Karim Wade à Dakar avant noël

Le candidat du Pds a reçu sa carte d’identité au Koweït où il s’était inscrit. D’après Dakarpost, il a annoncé à ses proches qu’il viendra déposer sa candidature lui-même. En clair, d’après le siteweb en question, Wade fils sera là avant la fête de la nativité en compagnie de ses filles et de sa nouvelle épouse espagnole. Le dépôt des dossiers de candidature à l’élection présidentielle du 24 février au Sénégal se fait au greffe du Conseil constitutionnel tous les jours ouvrables à compter du mardi 11 décembre jusqu’au 26 du même mois.

Youssou Ndour chez Sidy Lamine Niass

La maison de feu Sidy Lamine Niass ne désemplit pas depuis le rappel à Dieu du Pdg de Walfadjri. Hier, le patron du Gfm , Youssou Ndour en compagnie de sa nouvelle recrue Souleymane Niang, de Assane Guèye , Mara Dieng, Abdoul Aziz Mbaye, pour ne citer que ceux-là, s’est rendu à la maison mortuaire pour présenter ses condoléances. Chez Ahemed Khalifa Niass, il a été accueilli par le frère aîné du défunt alors qu’au domicile de Sidy Lamine Niass, c’est son fils Cheikh  ass qui a reçu la délégation.

Affaire des faux billets:Ngaaka Blindé et son co-accusé face au juge, ce jeudi

https://www.pressafrik.com/ Le rappeur Baba Ndiaye alias « Ngaaka Blindé », et son co-accusé Khadim Thiam seront ce jeudi devant le tribunal correctionnel de Dakar. Ils seront jugés pour les délits de contrefaçon de billets de banques.
Arrêté en décembre dernier, « Ngaaka Blindé » a été interpelé avec des faux billets de banques d’un montant de 5 millions de F Cfa.

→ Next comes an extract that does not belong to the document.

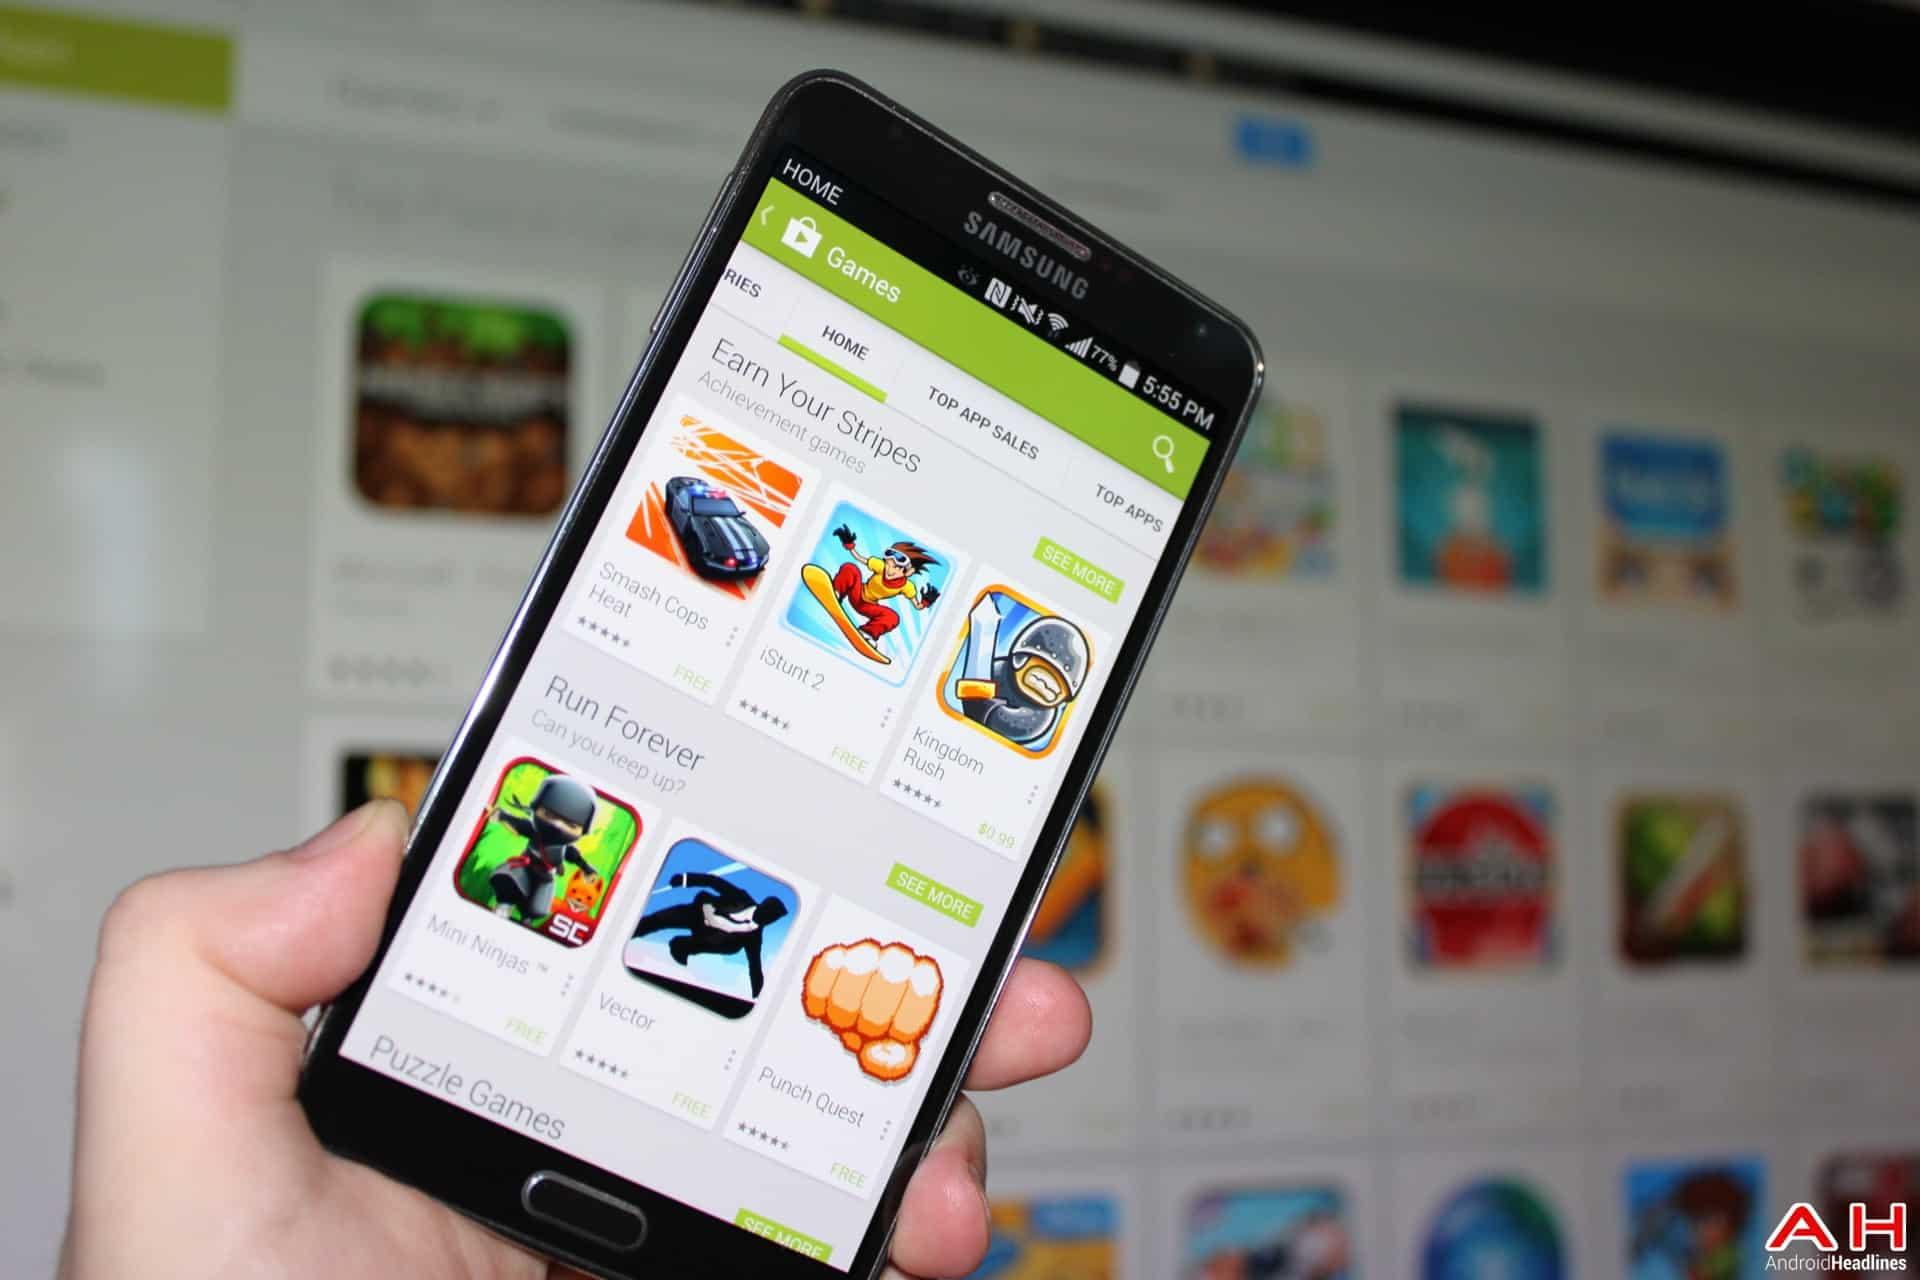 AH Google Play App Store Jeu de la semaine Top 10 des jeux Android 1.1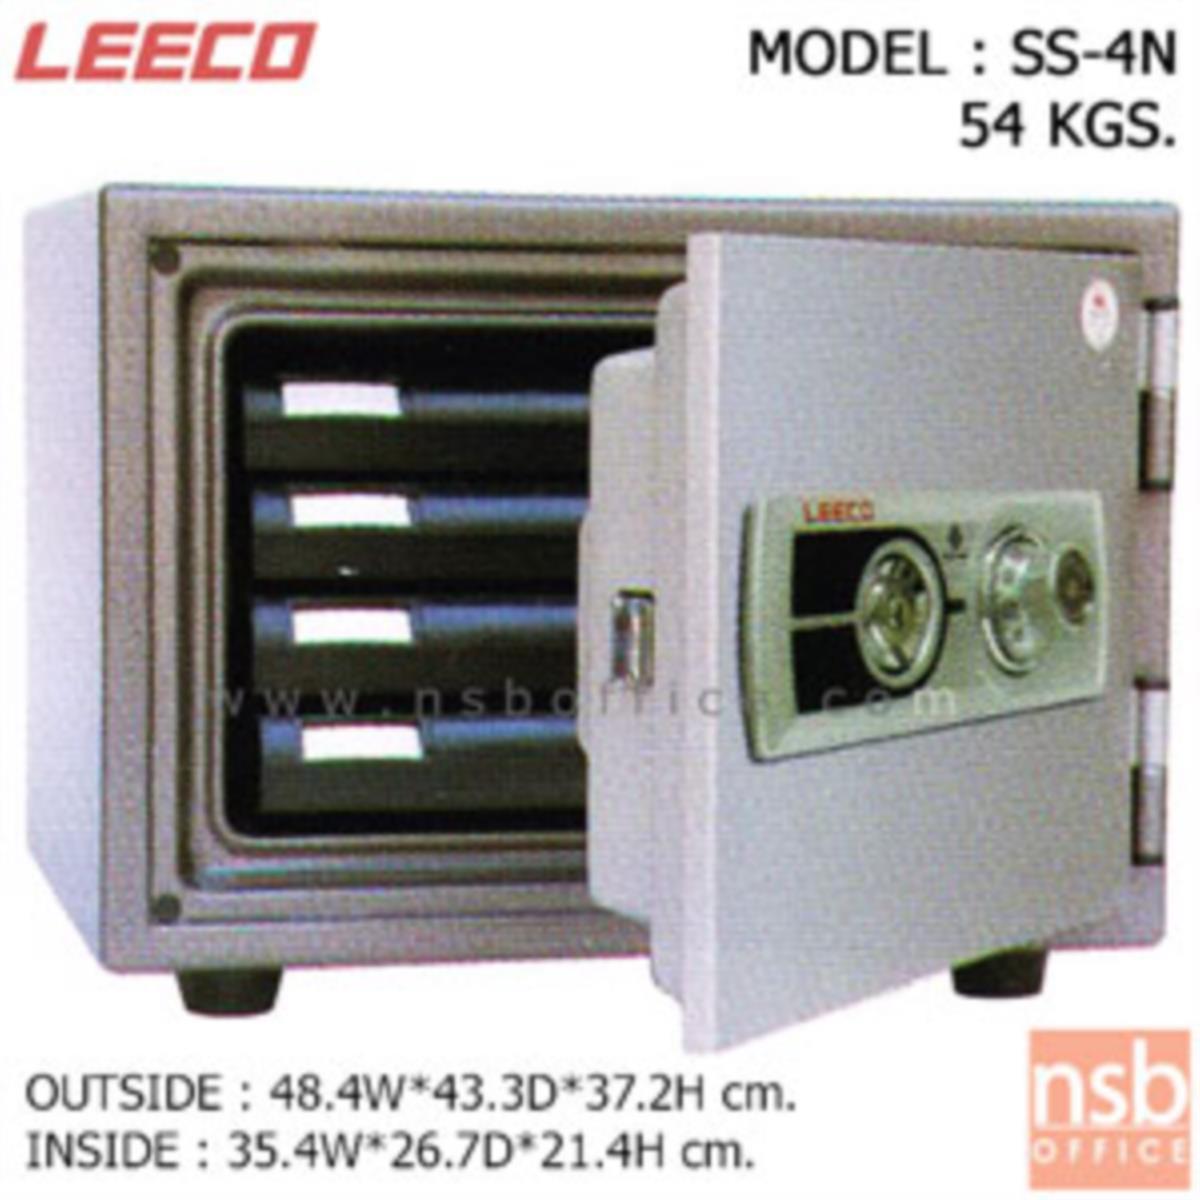 ตู้เซฟนิรภัย 54 กก.(แนวนอน) ลีโก้ รุ่น SS-4N มี 1 กุญแจ 1 รหัส (มีถาดพลาสติก 4 ลิ้นชัก)

Devant le juge d’instruction, le rappeur a juré par tous les saints que l’argent devait juste servir pour un clip.
Le 18 septembre dernier, la Chambre criminelle qui avait hérité le dossier, s’est déclarée incompétente. Et, c’est ce qui fait que l’affaire a finalement atterri devant le juge correctionnel.